Actress Alyssa Milano got people riled up on social media with a tweet calling for women to join her in a sex strike to protest strict abortion bans. Photo / Getty Images
Opinion
COMMENT:
Whether it's stopping traffic in the name of animal rights, skipping school to highlight the dangers of climate change, or posing naked in front of your local pothole in an attempt to get the local council to fix the roads, as one group of Canadians did in 2006; there are plenty of ways to protest.
This week, actress and activist Alyssa Milano came up with a novel way to protest an extremely serious new law.
In response to the US states of Georgia and Alabama passing bills that will almost totally ban abortion, even in cases of rape or incest, Milano tweeted: "Our reproductive rights are being erased. Until women have legal control over our own bodies we just cannot risk pregnancy. Join me by not having sex until we get bodily autonomy back. I'm calling for a #SexStrike. Pass it on."
While she didn't elaborate on the specifics of the strike — such as when it should begin or how it will be policed — she did note, correctly, that sex strikes have proven to be a surprisingly effective method of protest in the past.
In 2003, Liberian activist Leymah Gbowee and the Women of Liberia Mass Action for Peace group organised a series of protests, including a sex strike, that led to the end of the country's civil war, the election of the first female Liberian head of state and a Nobel Peace Prize for Gbowee and her fellow activists.
— Kate Iselin is a writer and sex worker.
A sex strike also played a huge role in Kenyan politics in 2009, when the Women's Development Organisation announced that women would be denying their partners sex until the country's Prime Minister and President could meet and reconcile their opposing views.

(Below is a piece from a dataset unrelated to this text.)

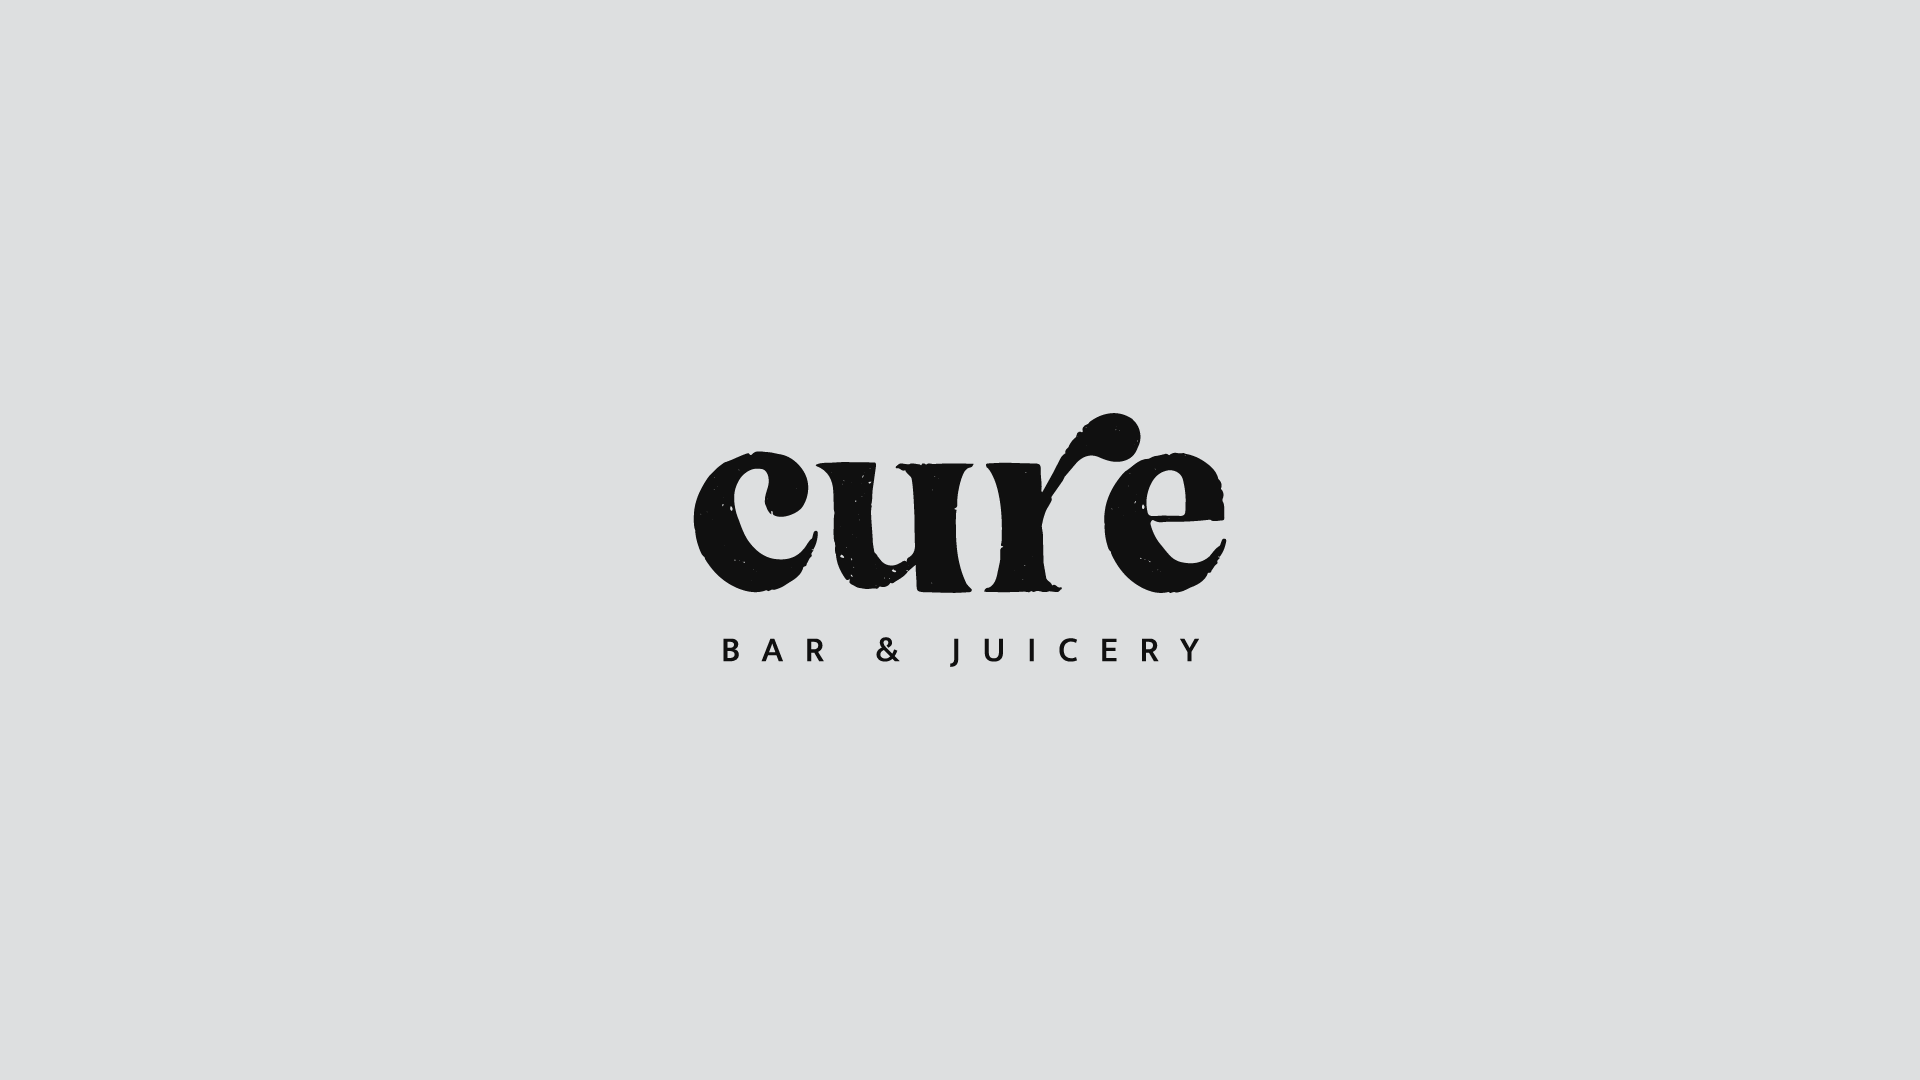 Cure bar and juicery
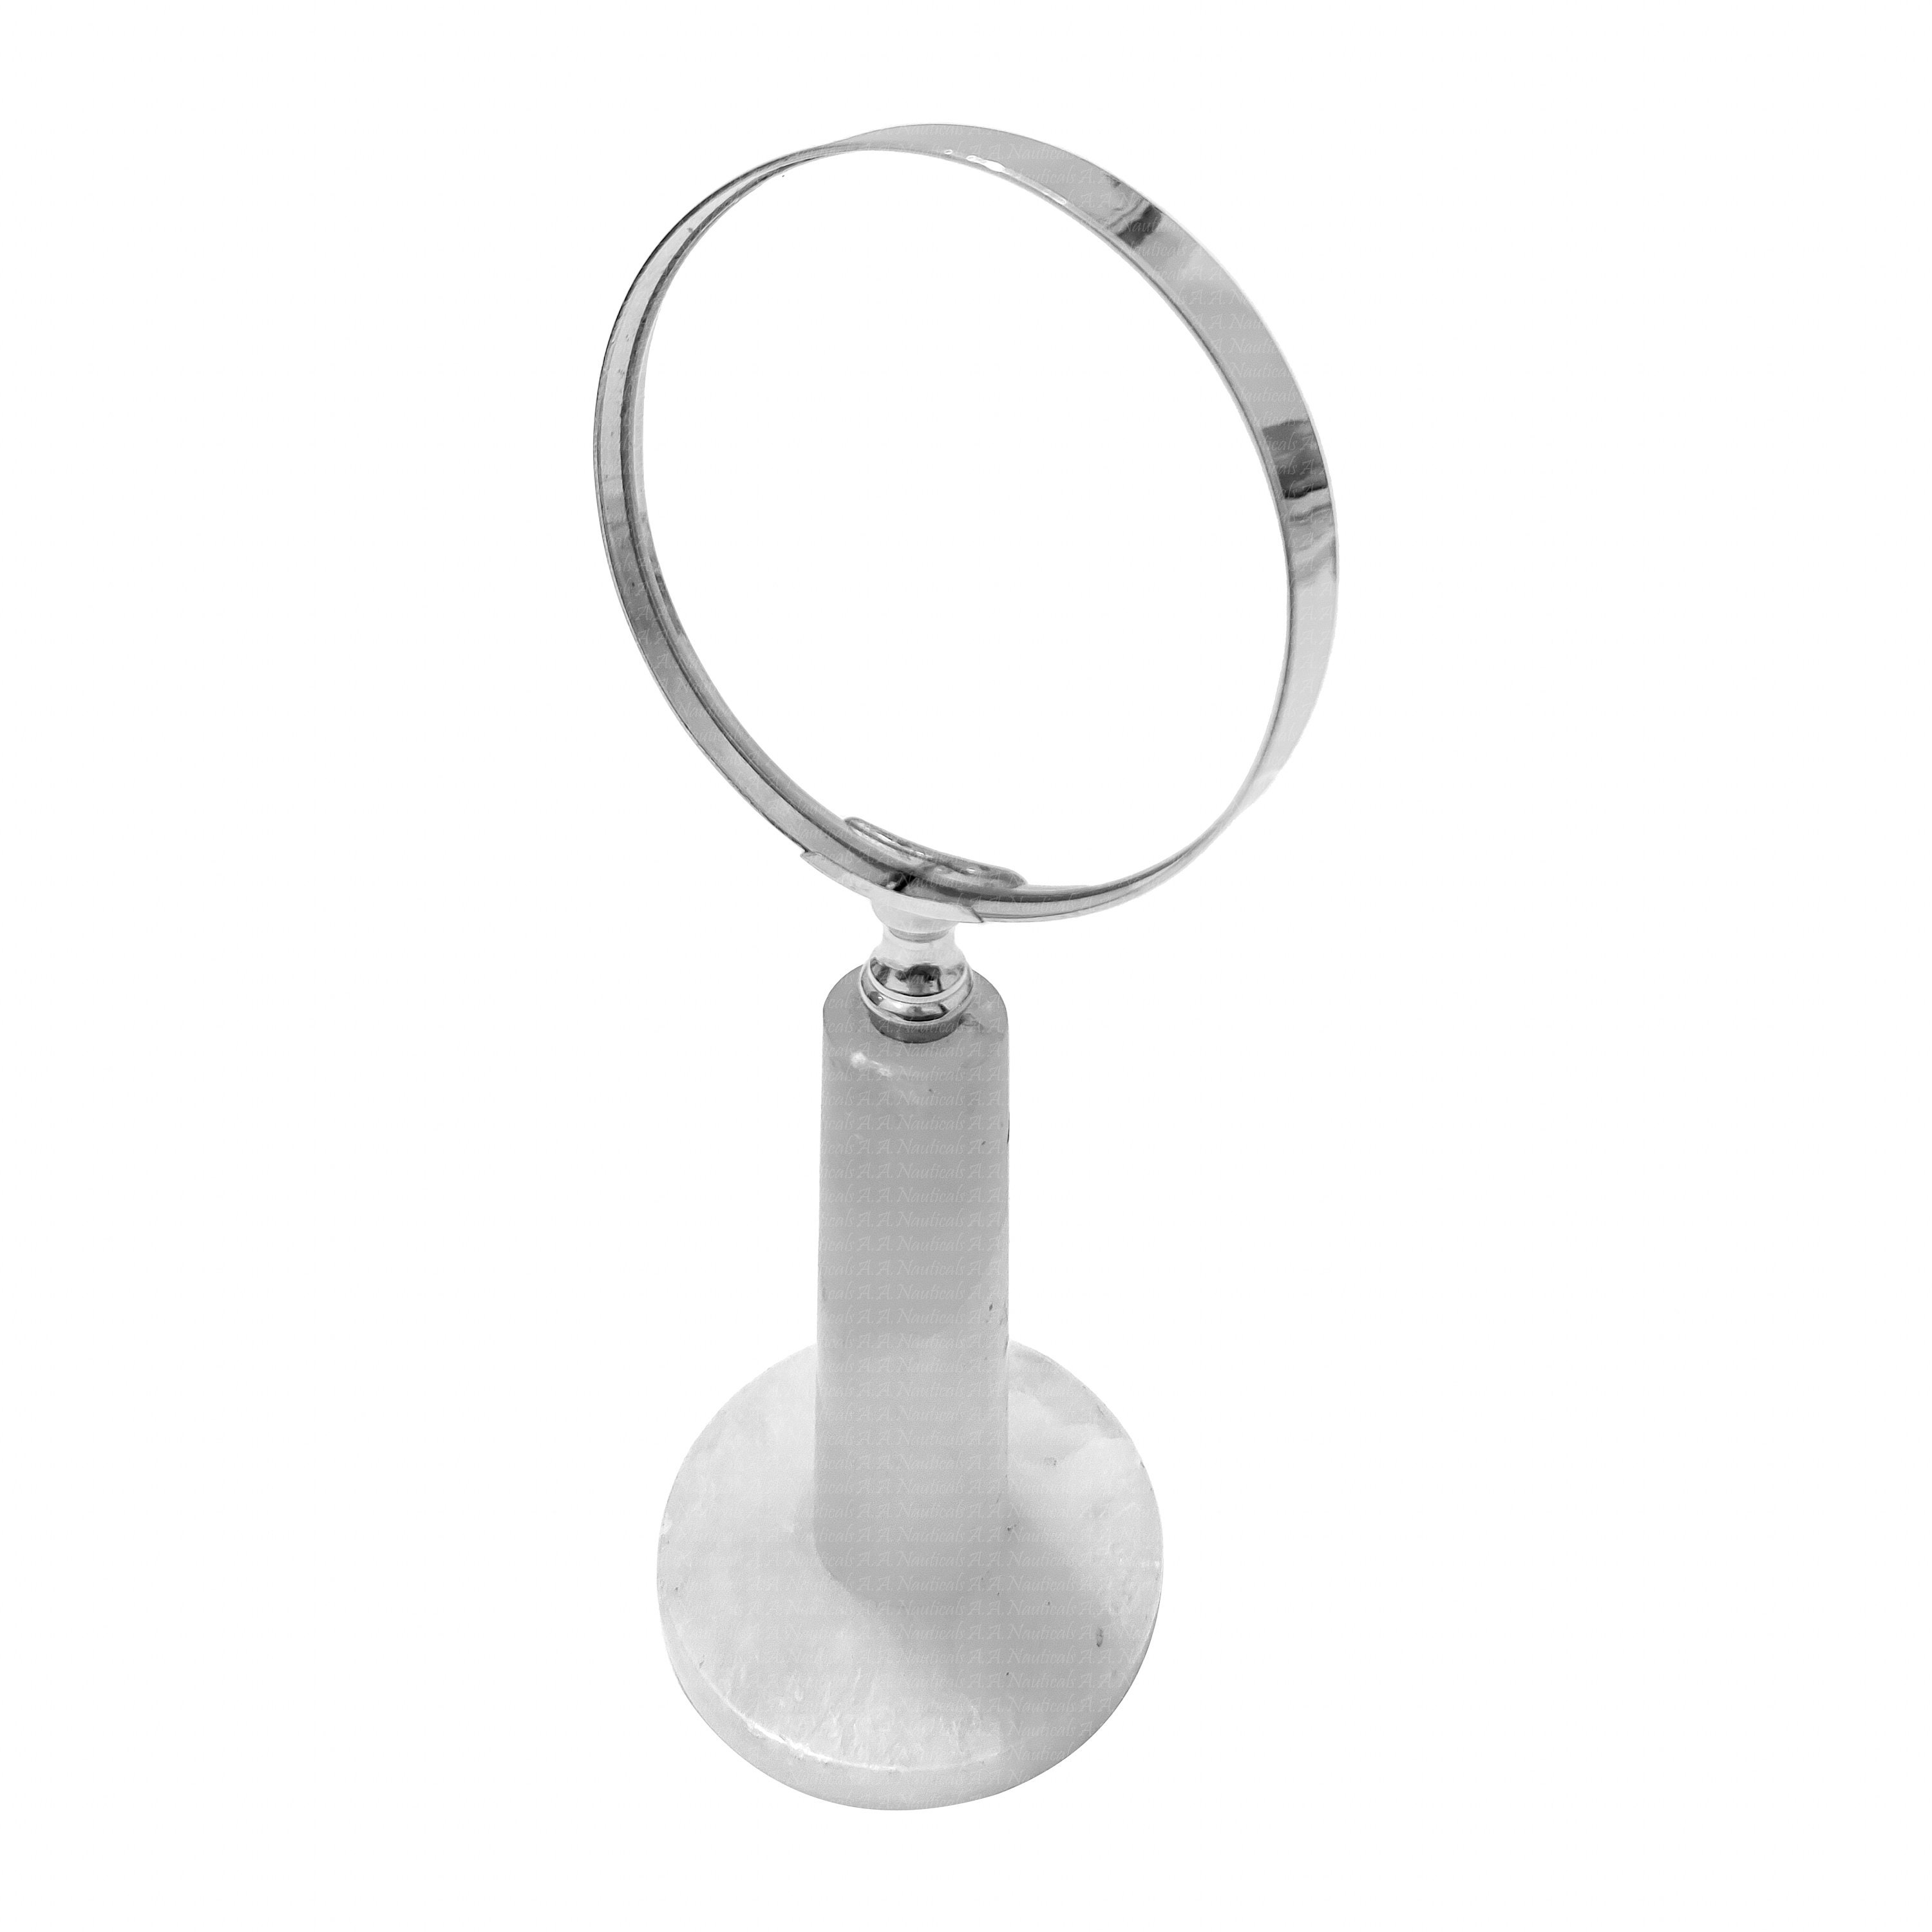 Vision Clear Magnifying Glass With LED Light Magnifier for Cross Stitch,  Jewelry, Embroidery, Knitting Sewing, Diamond Painting - Handmade

The organisation approached both leaders' wives and invited them to take part, and even offered to pay local sex workers' wages until the strike was over.
In under a week, the two leaders had agreed to meet and talk.
Sex strikes have played a role in everything from fighting for road repair in Columbia to preventing injury from fireworks in Italy, and they're a huge part of sex work history as well.
In 1975, thousands of sex workers in France went on strike to protest ongoing police harassment and discriminatory laws, and a further hundred occupied the St Nizier church in Lyon, chanting: "You who have threatened us with hell, we have come to eat at your table."
This sex strike wasn't as immediately successful as many others that would follow: the workers in the church were forcibly removed by police after eight days and the protest eventually ended. But the day the strike begun on June 2 is now commemorated across the globe as International Whores' Day and the occupation of St Nizier continues to inspire sex work activists worldwide.
While it has to be noted that there's a big difference between a commercial sex strike — which is, in essence, industrial action — and a strike centred on the sex we have in our private lives, Alyssa Milano's proposed sexual ceasefire is another in a long history of women standing up for what they believe in by refusing to uncross their legs. But it's far from a flawless idea.
By encouraging women to deny sex to their male partners until such time as the new anti-abortion bill is challenged, blocked, or struck down in court, I believe it only reinforces the patriarchal belief that sex is something women submit to and suffer through, rather than actively enjoy and seek out.
The vast majority of women I know, myself included, like having sex and initiate it just as often as men do. Why should we have to give up something we enjoy because a group of politicians have chosen to take a terrifyingly draconian approach to women's reproductive healthcare?
And by refusing sex with men, including those we women are already in relationships with, are we shutting them out of the conversation entirely — and doing more harm than good?
Even in casual hook-ups, conversations about contraception, reproduction, and sexual health should be common, with both parties taking an equal and shared responsibility. Reproductive rights might centre on the uterus, but they're hardly a women's-only issue.
After all, Alabama's Human Life Protection Act – one of the controversial anti-abortion bills at the heart of the sex strike – was introduced by State Representative Terri Collins and signed in to law by Governor Kay Ivey, both women. State Senator Bobby Singleton made headlines last week after his objection to the bill went viral, later saying in an interview with The Guardian that he would use 'every procedural technique there is' to prevent the bill from even coming to a vote.
So we might imagine a group of shadowy male lawmakers working to legislate against women's bodies, but I firmly believe that the battle lines here aren't drawn so strictly between genders.
Still, with all this having been said, if it wasn't for Alyssa Milano's #SexStrike tweet then many of us may not be aware of the bills at all.
The #SexStrike tweet has reminded people of the Republican war against women.
GOOD.
These oppressive, regressive, forced-pregnancy bills are now being discussed in a serious manner on our national news cycle.
It's probably pretty unlikely that every woman in the United States, even those who are deeply passionate about access to reproductive healthcare, will be able to maintain the sex strike until 2020, when the bills come in to effect; but what we are all doing – no matter our political beliefs or sexual habits – is talking about it.
Given the amount of misinformation out there about abortion, pregnancy, and sex in general, maybe starting a conversation about these often-taboo topics is the best win we can get right now.
Sex sells, as they say, and it certainly grabs headlines: and if the sex strike has got us all talking, maybe we can call it a success.